Вытирая влажные от пара глаза, он вошел в спальню Фриды. За шумом воды ни один из них не услышал стука в дверь. На пороге стояла леди Уиндэм в черном бархатном платье.
— Прошу прощения, — сказала она. — Со слов горничной я поняла, что с багажом вашей… вашей матушки произошло какое-то недоразумение.
— Все в порядке, — едва выдавил из себя Найэл, — я его нашел.
— Эй! — крикнула Фрида из ванной. — Прежде чем уйти, малыш, принеси мне полотенце со стула. Пожалуй, я и его прихвачу с собой. Должно быть, Уиндэмы потеряли счет полотенцам.
Ни один мускул не дрогнул в лице леди Уиндэм, но в глазах ее отразилось недоумение.
— Значит, у вашей матушки есть все, что ей нужно? — спросила она.
— Да, — ответил Найэл.
— В таком случае я покидаю вас обоих, чтобы вы могли переодеться, — сказала леди Уиндэм. — Полагаю, вам известно, что ваша комната по другому коридору.
И она удалилась, величественная и неприступная, в тот самый момент, когда Фрида в чем мать родила и мокрая с головы до пят, шлепая босыми ногами по полу, вошла в спальню.
Ни один из Делейни не явился к обеду вовремя. Даже Мария, хоть она как никто должна
Папа, раскрасневшийся, в слегка съехавшем набок черном галстуке, признался ближайшим членам своего семейства, что подкрепление, принятое им после чаепития, оказалось недостаточным и, чтобы продержаться до обеда, ему пришлось прибегнуть к содержимому своей фляжки. Его широкая улыбка была сама терпимость. Селия наблюдала за ним, как молодая мать, не уверенная в поведении своего ребенка. То обстоятельство, что она забыла упаковать свои вечерние туфли, ее не тревожило. Вполне сойдут и тапки без задников. Лишь бы Папа вел себя прилично, остальное не имеет значения.

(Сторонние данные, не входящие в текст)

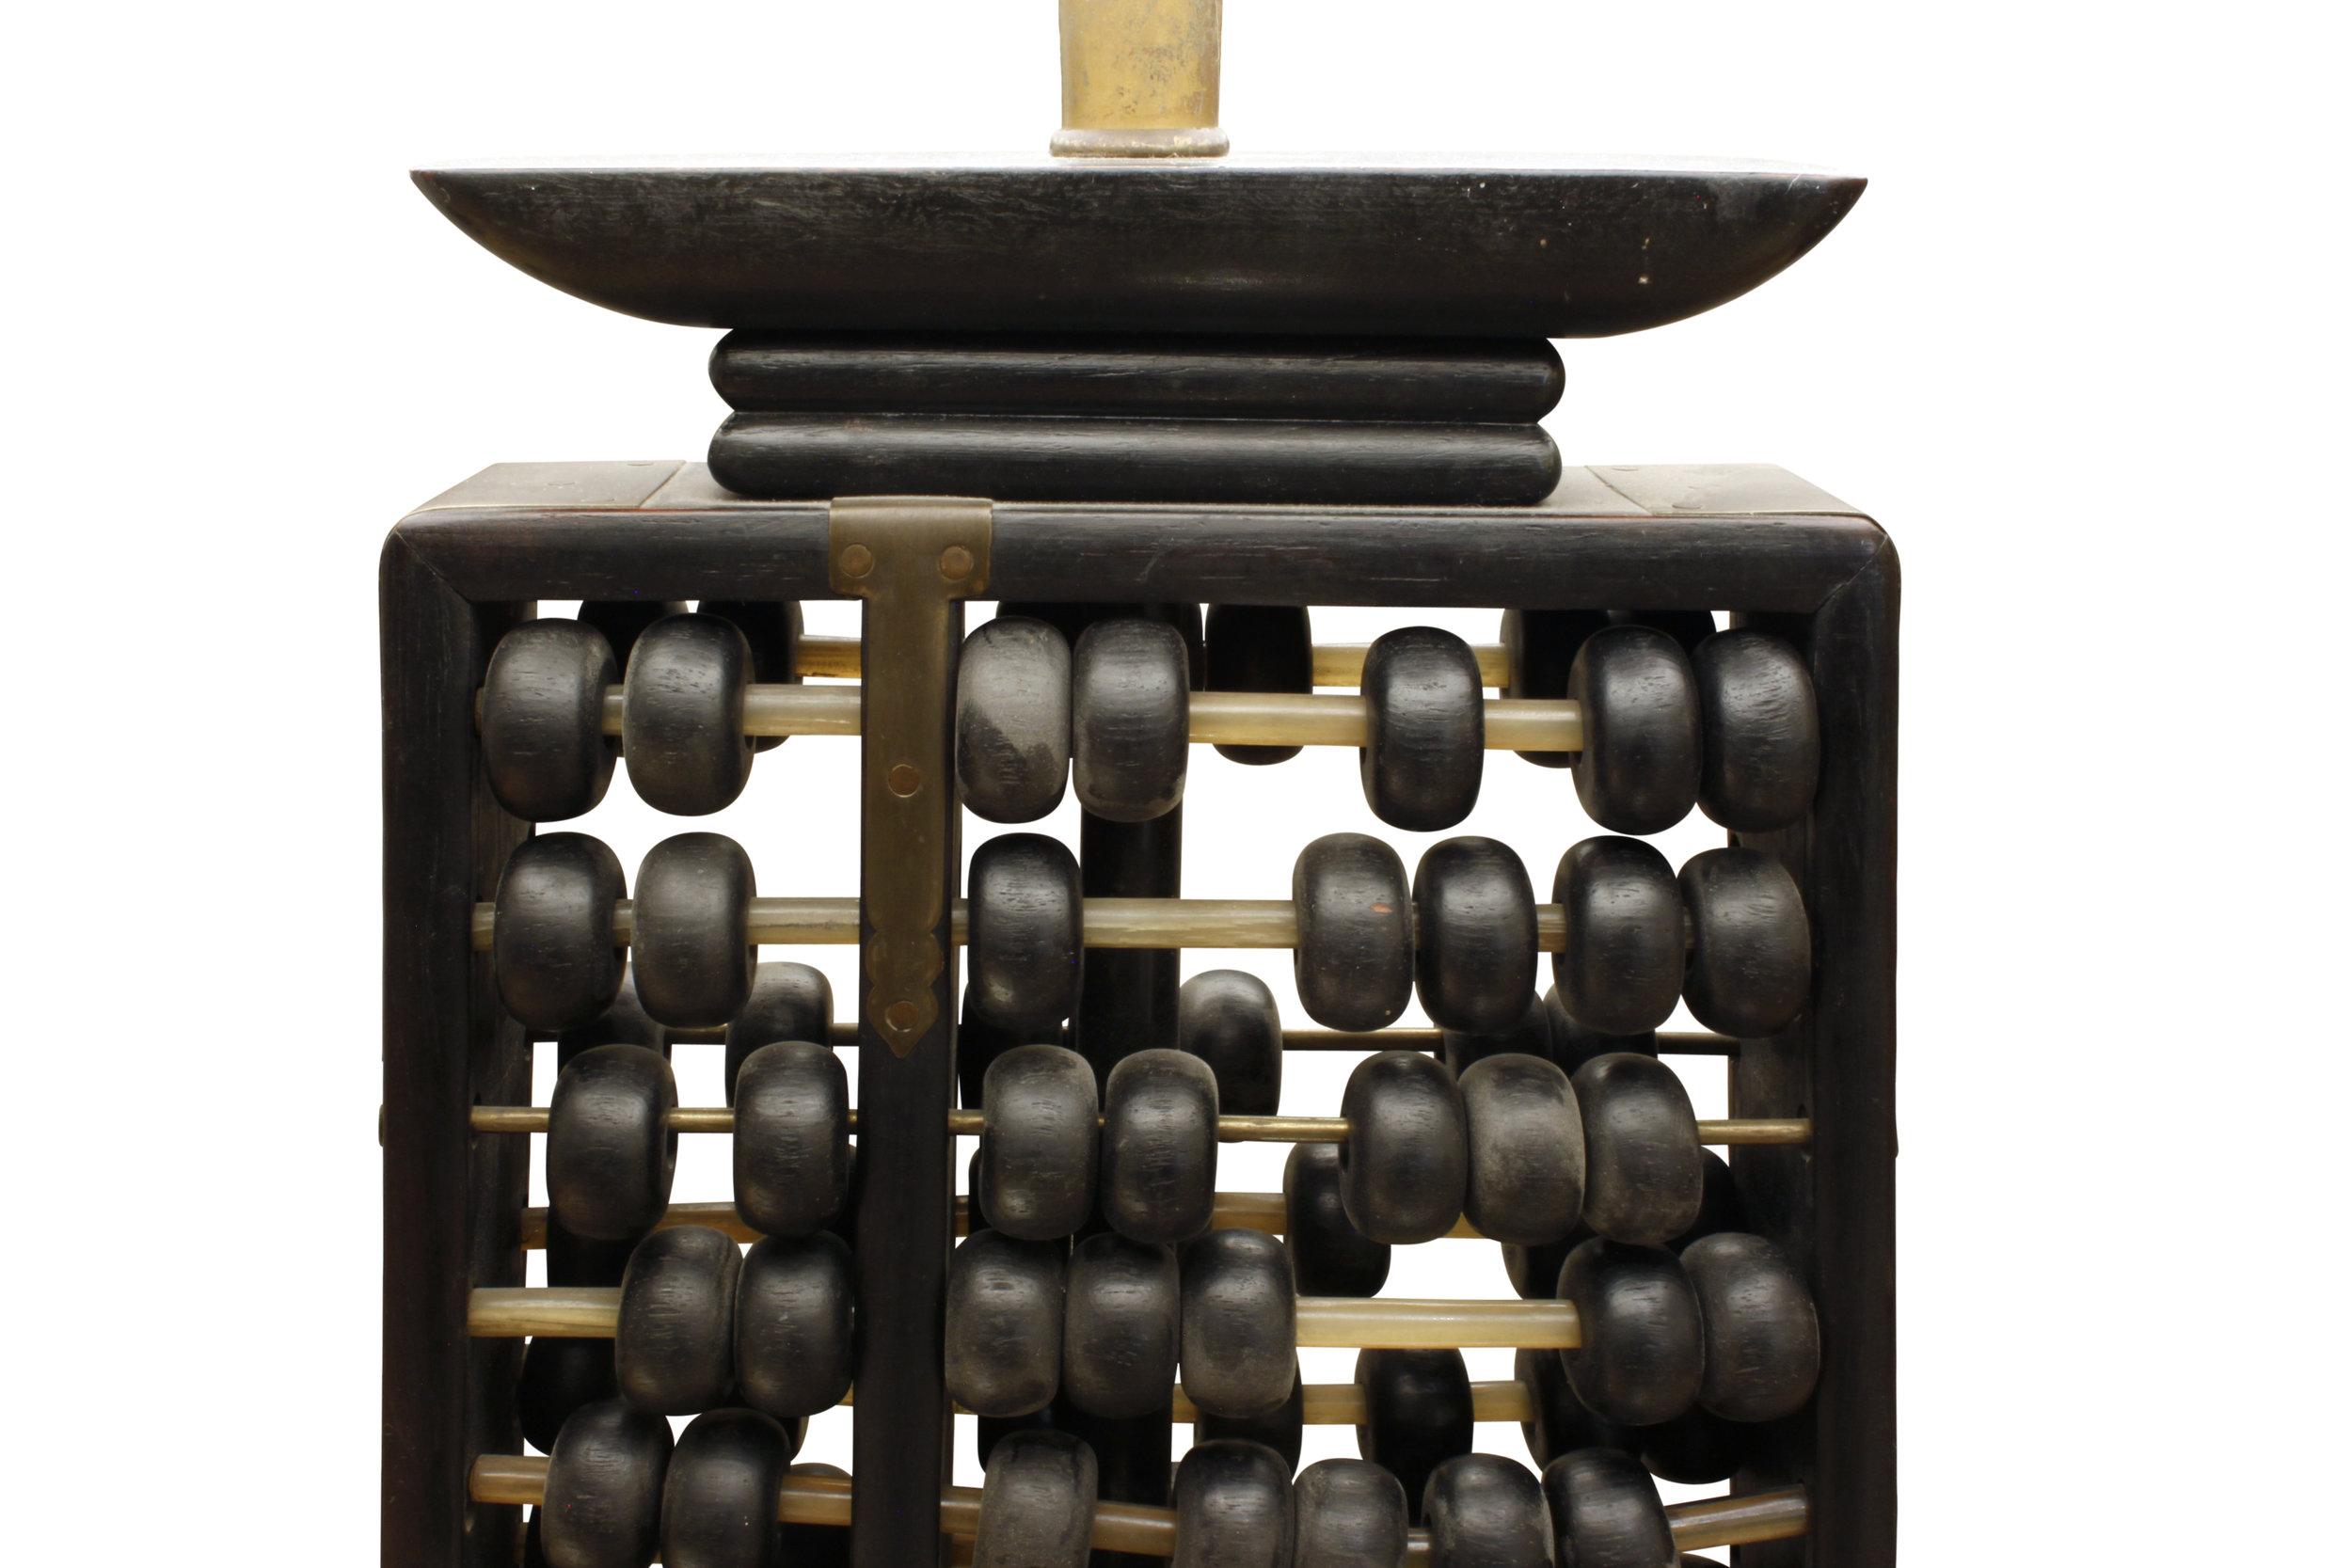 Abacus 25 1940s tablelamp96 top dtl.JPG

Фрида появилась последней. Не намеренно, не из тщеславия — она была начисто лишена его, — но потому, что обвязывание головы тюлем заняло определенное время. Результат был несколько ошеломляющим и отнюдь не тем, на который она рассчитывала. Она словно сошла с картины, изображавшей бегство в Египет и написанной посредственным примитивистом.

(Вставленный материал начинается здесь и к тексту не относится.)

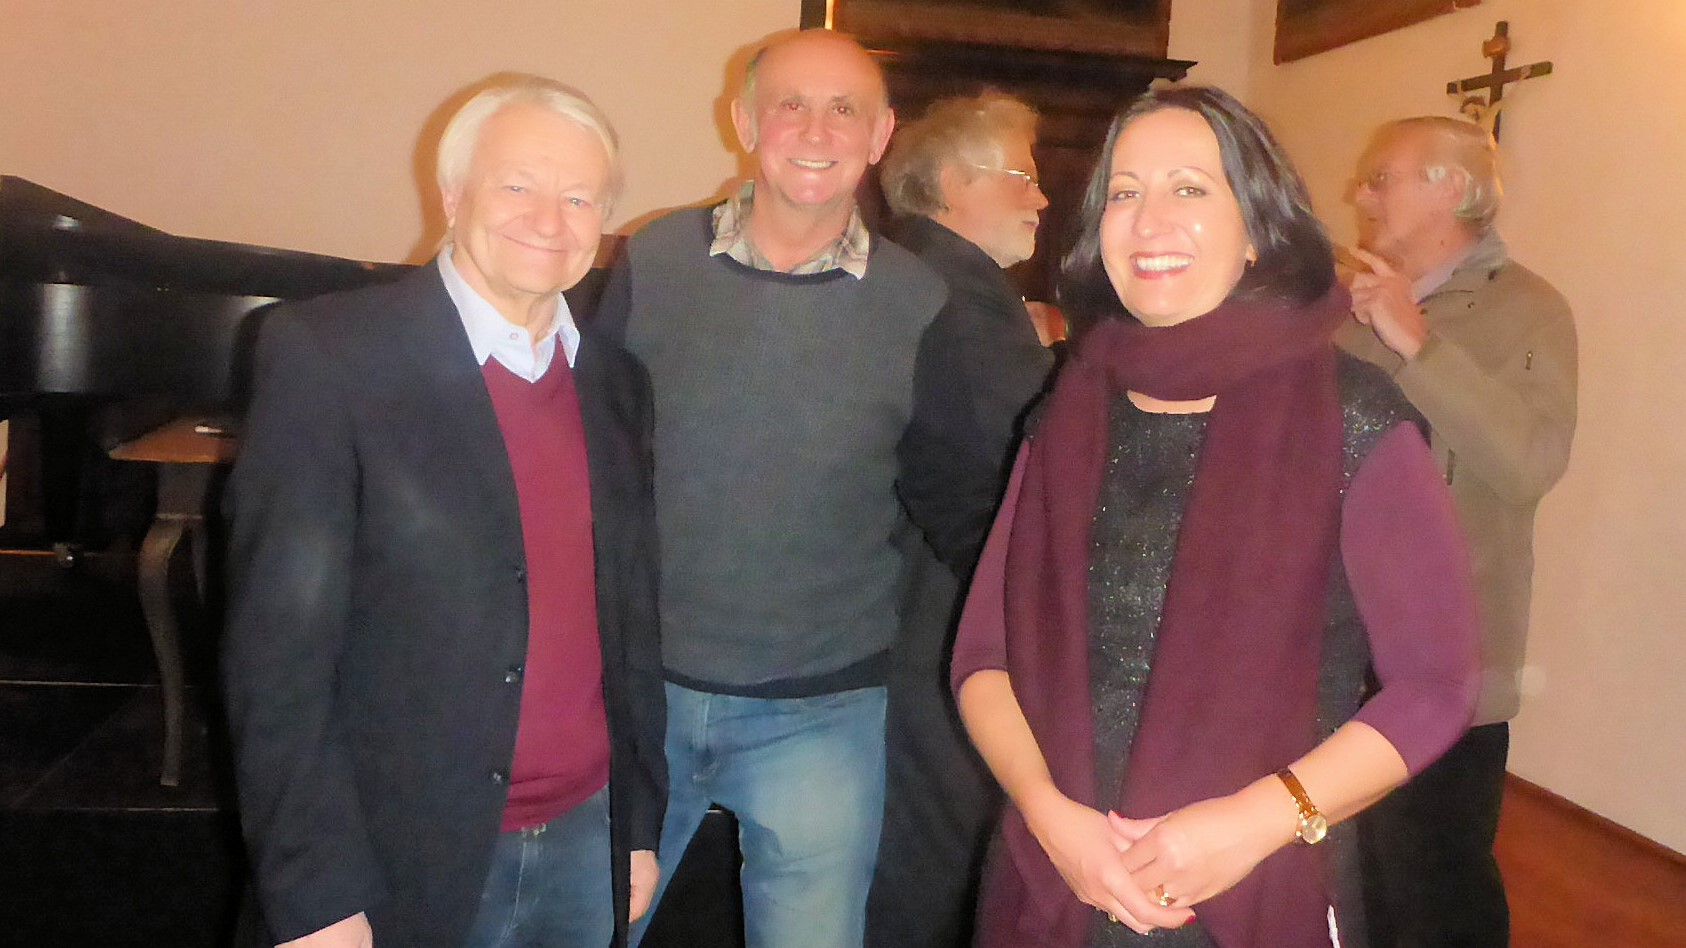 Manfred Schindlbauer, Norbert Leutner, Barbara Horejs ©Norbert Leutner
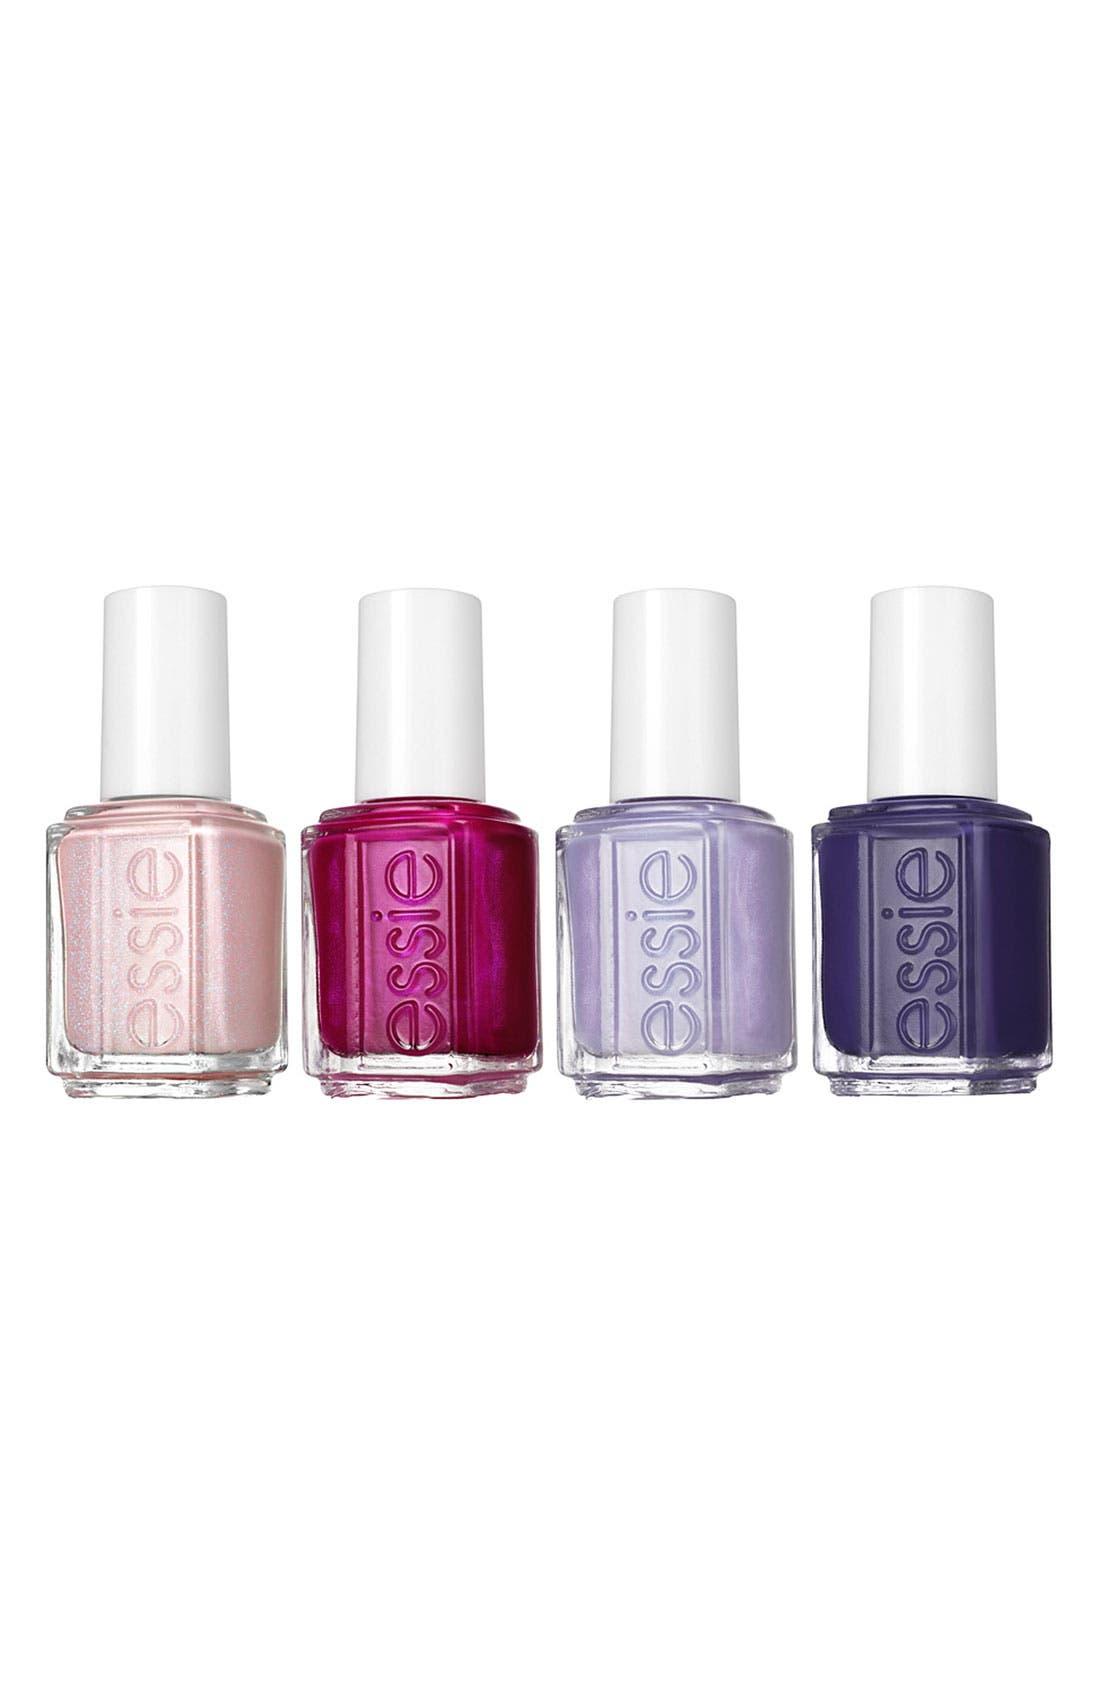 Nail Polish - Purples,                             Main thumbnail 1, color,                             205

Как только она прибыла, лорд Уиндэм схватил свои часы.
— Двадцать три с половиной минуты девятого, — буркнул он.
В полном молчании общество гуськом проследовало в столовую, и Фриде, которая, приступая к супу, всегда закуривала сигарету, на сей раз не хватило на это мужества.
Когда подали рыбу и разлили по бокалам шампанское, ледяную скованность принужденной беседы разбил теплый, добродушный голос Папы, в котором, как и всегда по вечерам, игривые интонации звучали более явственно, чем в любое другое время суток.
— Мне жаль огорчать вас, мой дорогой, — обратился он через весь стол к хозяину дома, — но я должен сделать одно заявление. Дело в том, что ваше шампанское пахнет пробкой.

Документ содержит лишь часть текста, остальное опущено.